Я снова взял фонарь у Прошки и оглядел бак.
Парусина, натянутая от борта к борту. Под ней я разглядел тюфяки и одеяла, и всё это лежало на палубе, которую вторые сутки поливает дождём. Семнадцать человек спали тут вповалку и вплотную третью ночь, потому что иначе не помещались, и грели друг друга.
Тепло, тесно и мокро.
Лучшего места для потницы не выдумаешь.
Я продержал эту мысль недолго и отложил, потому что сейчас было не до неё.
Сейчас передо мной стояло человек пятнадцать. Все они смотрели на меня и ждали, что я скажу.

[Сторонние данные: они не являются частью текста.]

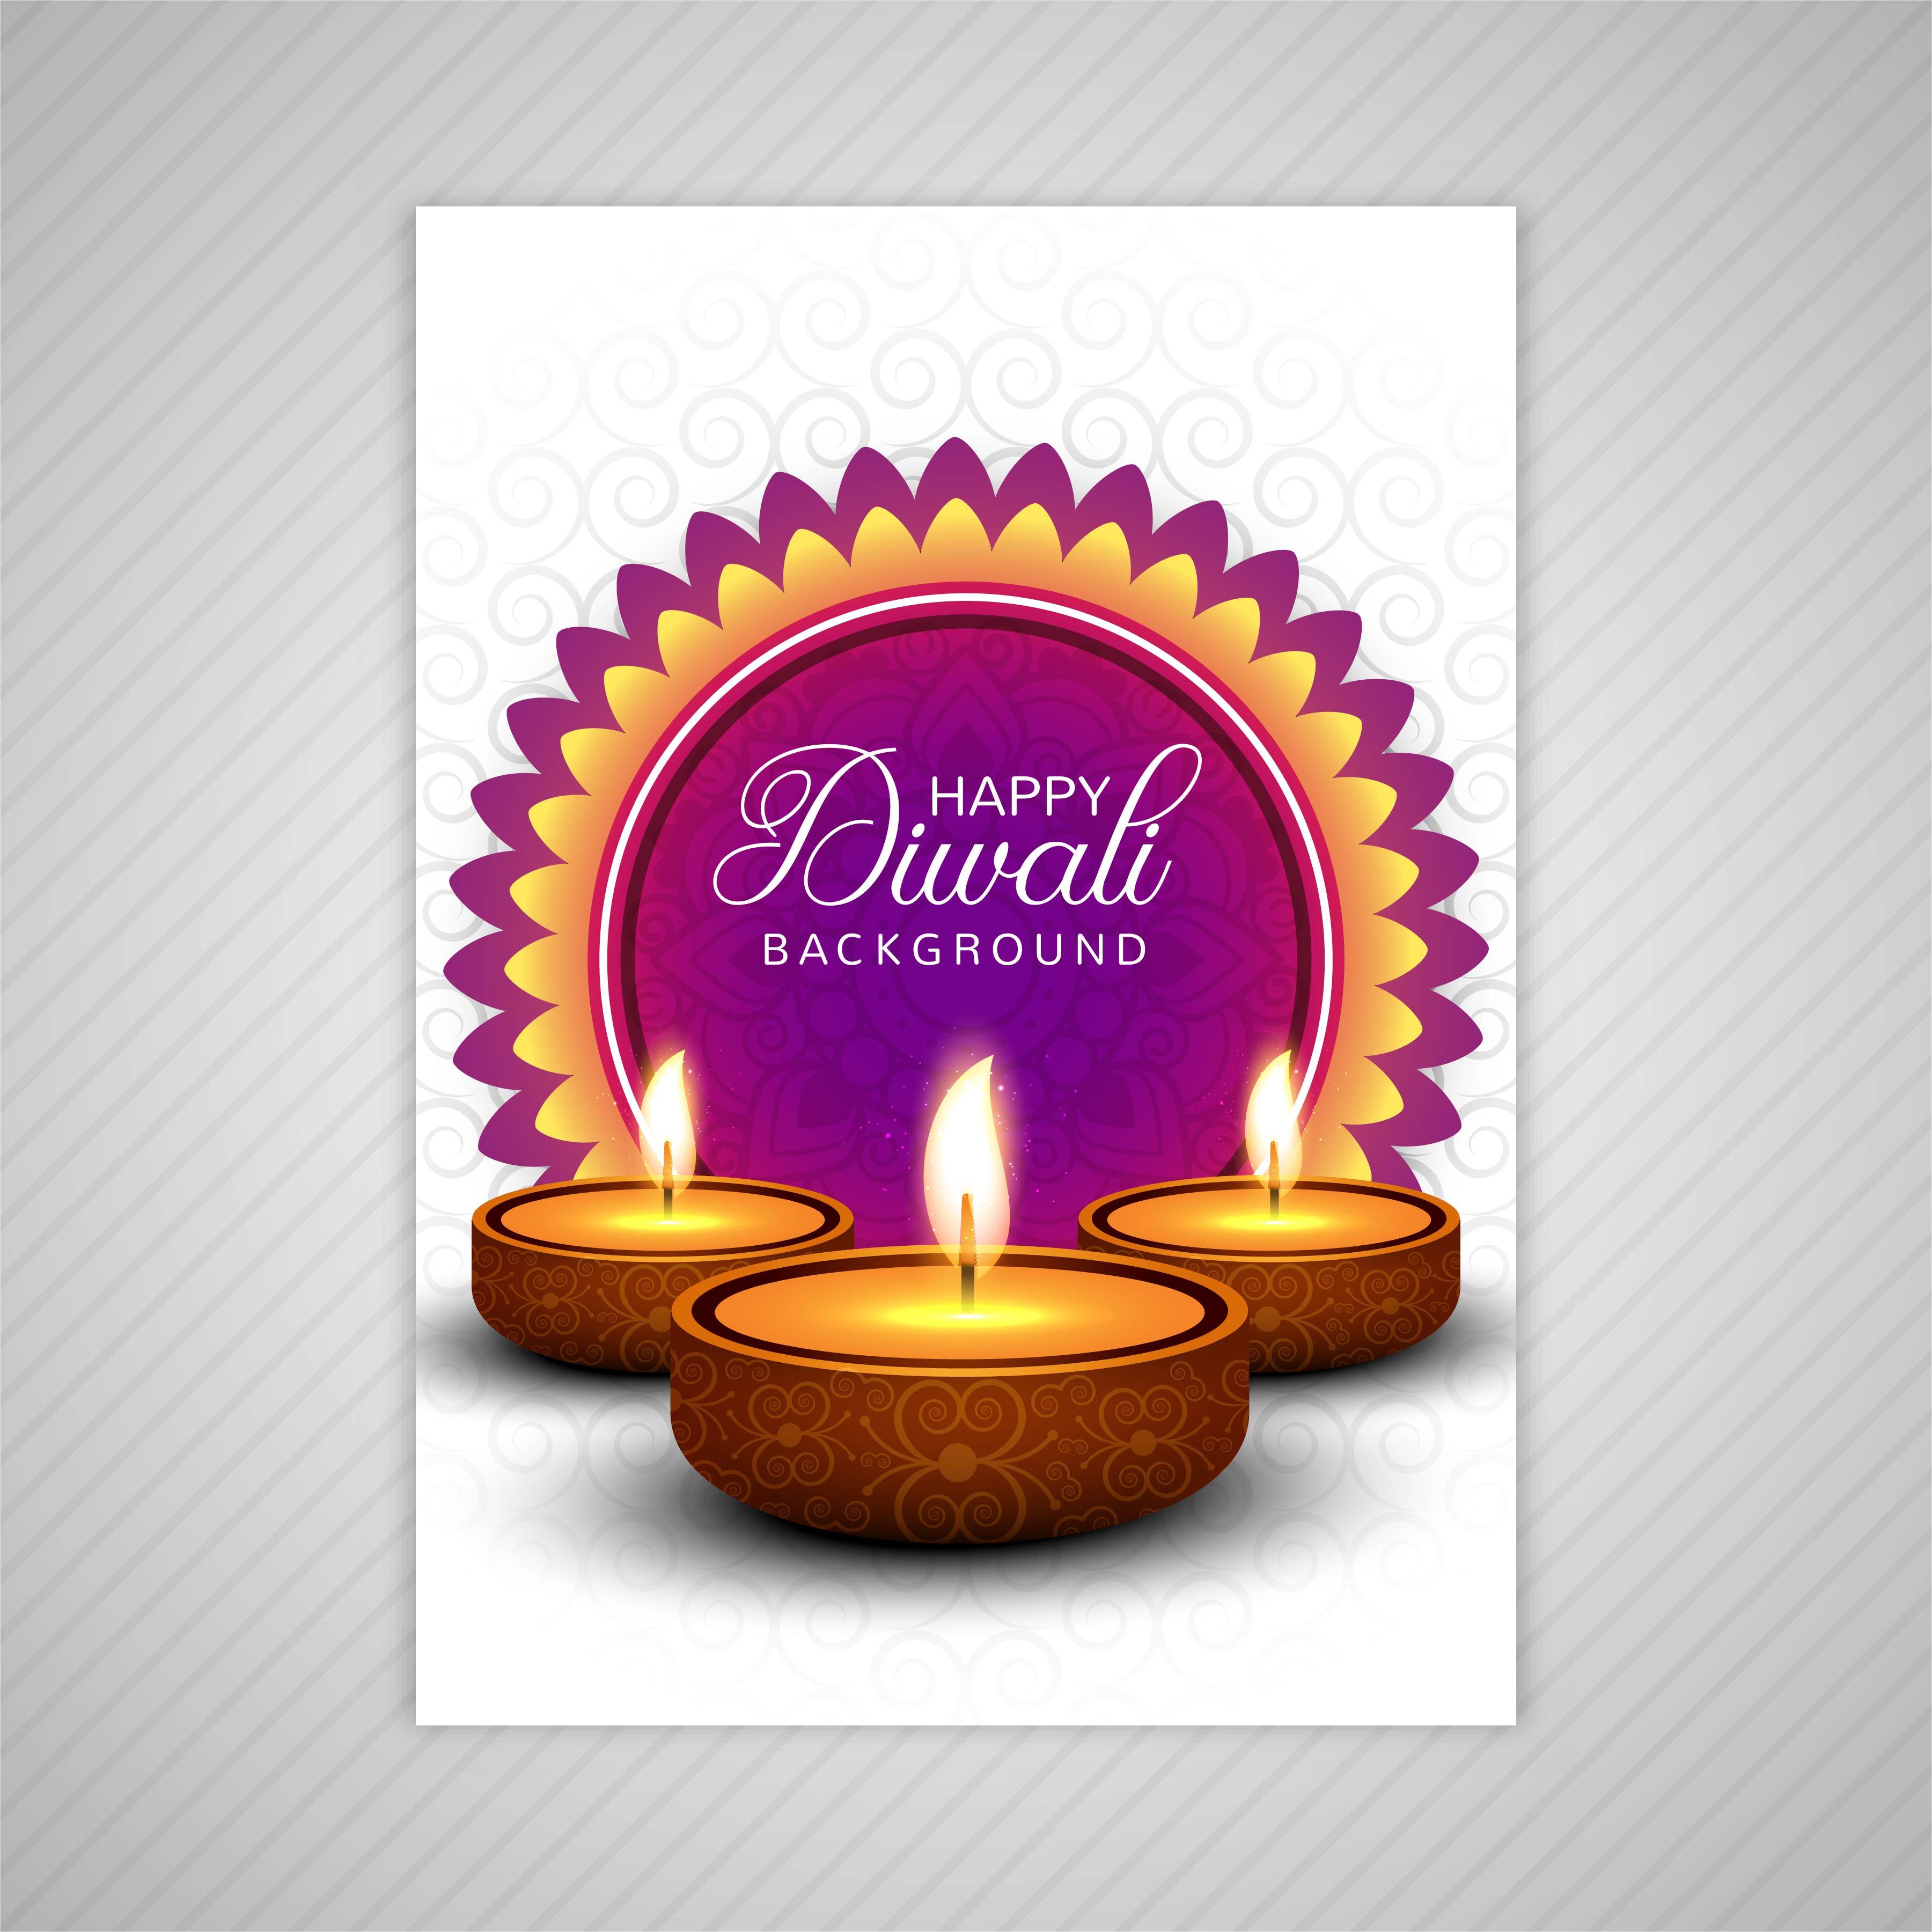 Decorative Diwali Greeting Card Template Design

— Ну? — спросил кто-то из темноты. — Оспа?
Я поставил фонарь.
— Нет.
По полукругу прошло движение, и я понял, что мне не поверили ни на грош.
— Вашбродь, — сказал другой голос, и я узнал Наумшина. — Вы уж не серчайте. Только он на берег ходил тайком, а нынче у него по всему брюху сыпь. Люди говорят.
— Люди говорят, — согласился я. — А я гляжу.
— И что видите?
Вот тут мне надо было работать, и работать без промаха, потому что от этих десяти минут зависело, что будет на корабле дальше.
Ежели они решат, что у нас на борту оспа, бед будет сразу три. От Пленкова шарахнутся, и он останется один. Всякий, у кого через неделю зачешется что угодно, станет это скрывать до последнего. А привиться из семнадцати не пойдёт больше никто, потому что все решат, что подлекарь их обманывает.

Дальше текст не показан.